While you might be concerned about losing energy through your attic, there might be more problems up there than not having enough insulation. It may be getting wet, too.
So, while you’re thinking about putting down even more fiberglass, it might be time to evaluate what’s really going on. According to HVAC experts, one of the biggest problem facing an attic is moisture. And here in this part of the San Joaquin Valley, we all know what happens when the rainy season hits — it’s wet everywhere. Did you ever think about what that’s doing to your insulation.
You could also have improper ventilation. Keeping your attic dry and making sure it’s properly ventilated are the keys to making it last — and making your protection is doing its job. Moisture comes in through your roof or flashing, from water vapor or even ice dams along roof gutters. A dry attic will help you avoid problems, which will lower your heating and cooling costs.

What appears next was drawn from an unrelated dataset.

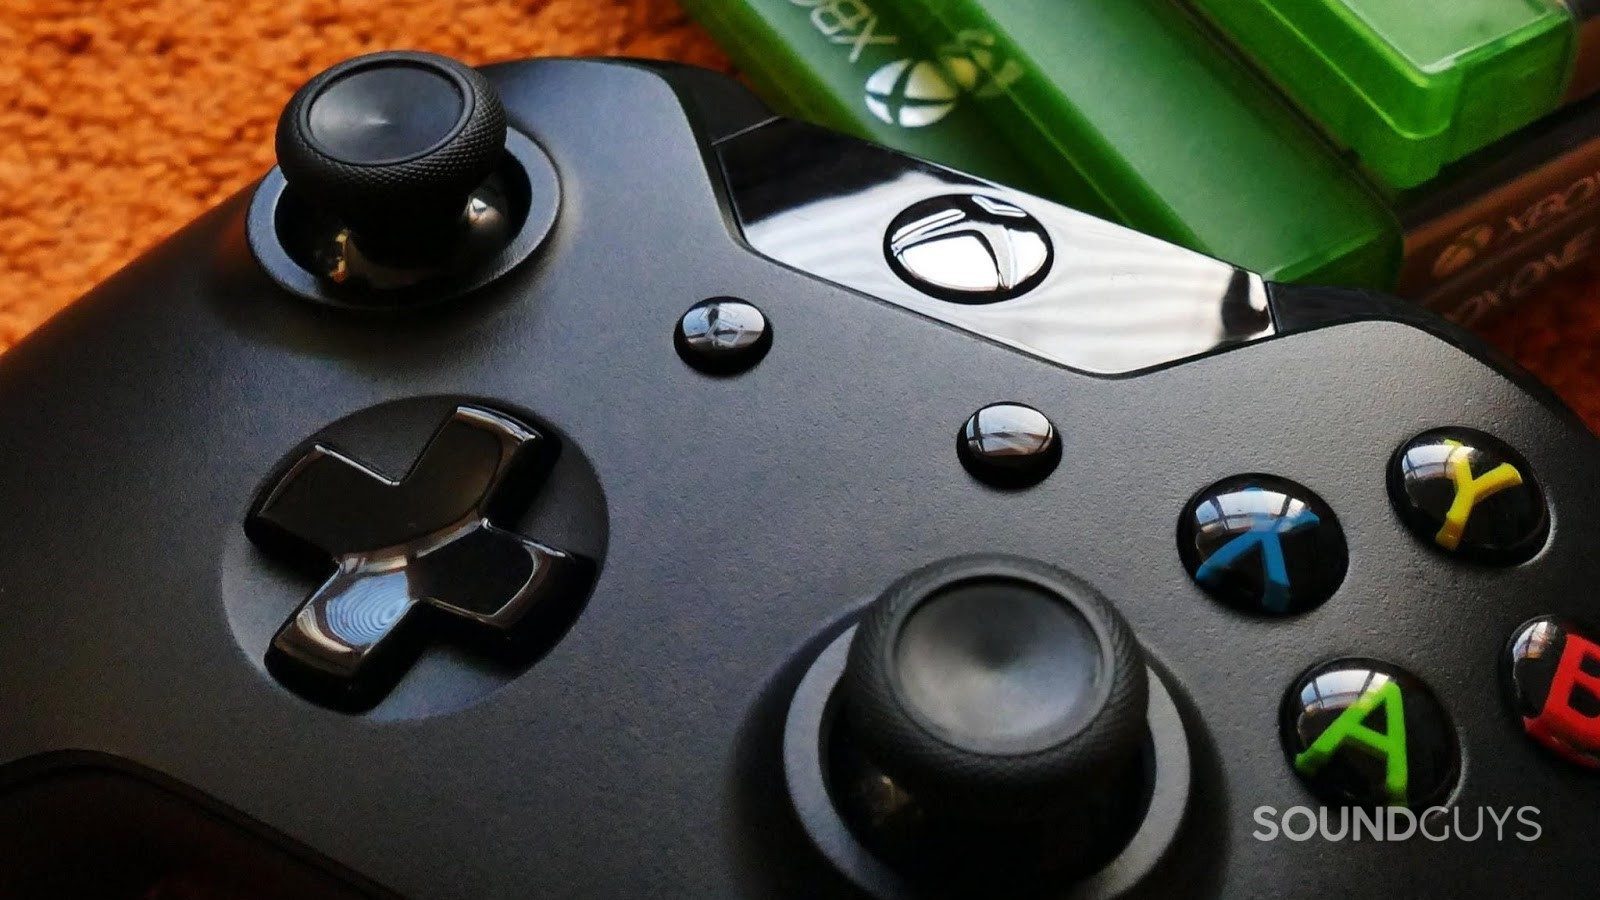 A photo of the Microsoft XBox controller resting near a stack of games - How to connect a gaming headset to your Xbox One

Also, always remember to vent everything outdoors. When you vent those bathroom exhaust fans or dryers into the attic, all that extra moist air will detract from the effectiveness of your insulation.

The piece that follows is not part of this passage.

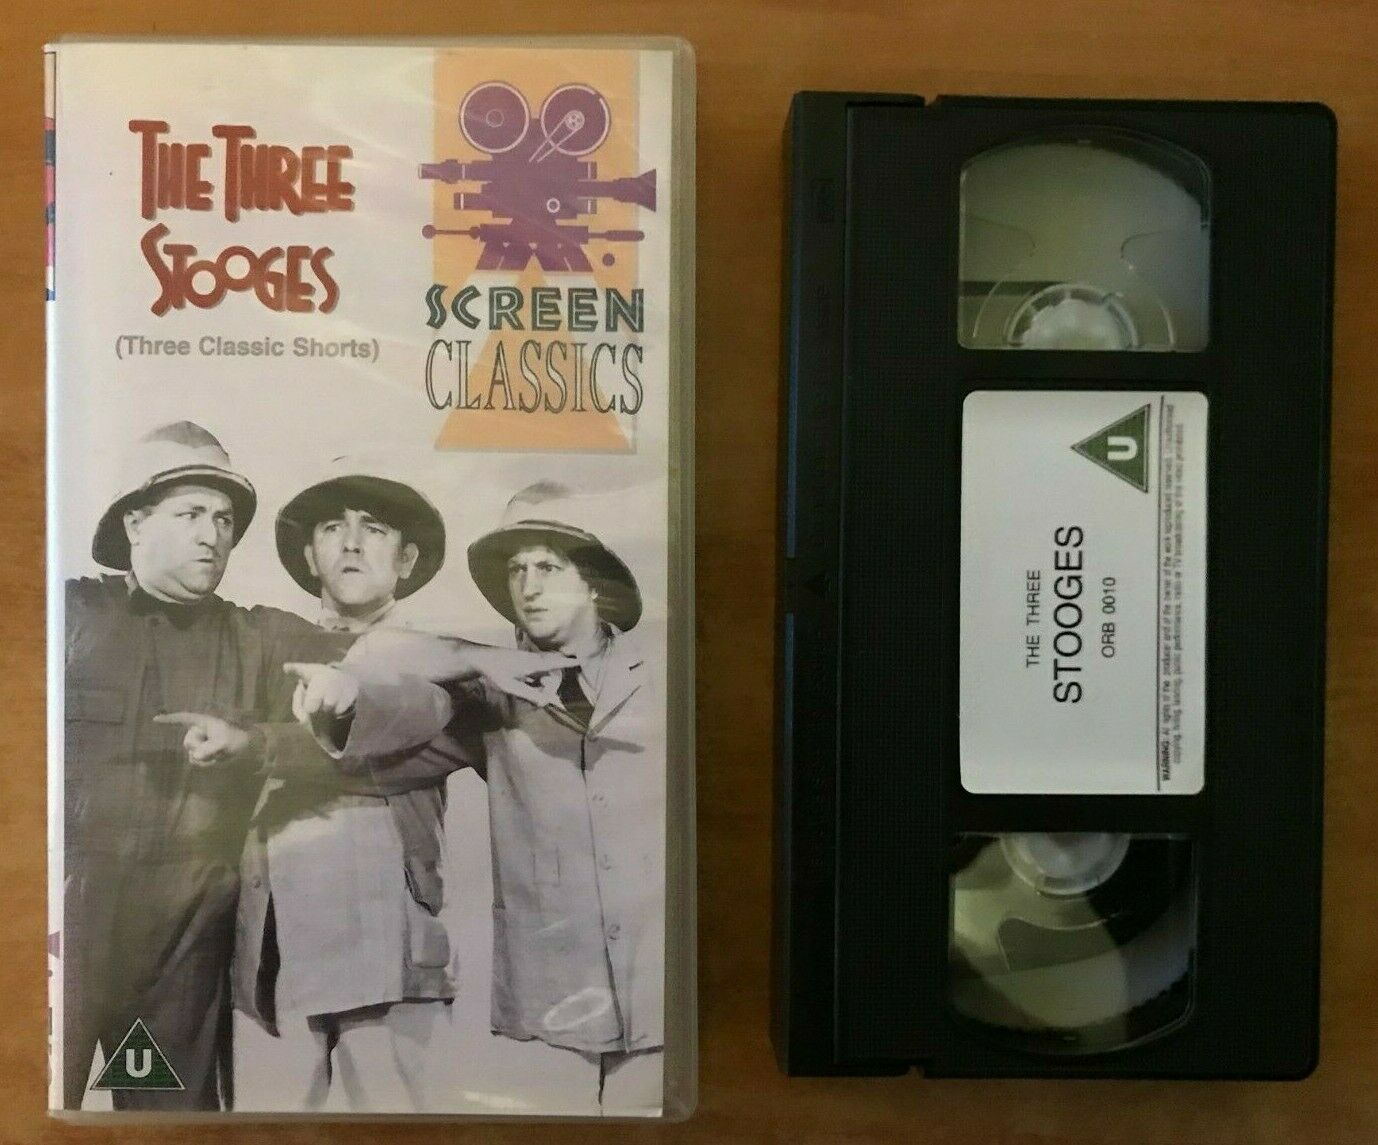 The Three Stooges (3 Classic Shorts): Bridless Groom - TV Series - Comedy - VHS-

Insulation is mentioned in R-values. The total value depends on its depth and type. To determine the total R-value, decide what type is installed and multiply its rated R-value per inches, and then again by the number of inches that are installed.
Cellulose loose-fill insulation is rated at R-3.5 per inch. An attic that has 4 inches of this cellulose insulation adds up to an R-14 value. That’s not nearly enough protection to save energy. It should be at least R-30 in a mild climate and R-40 in colder climates.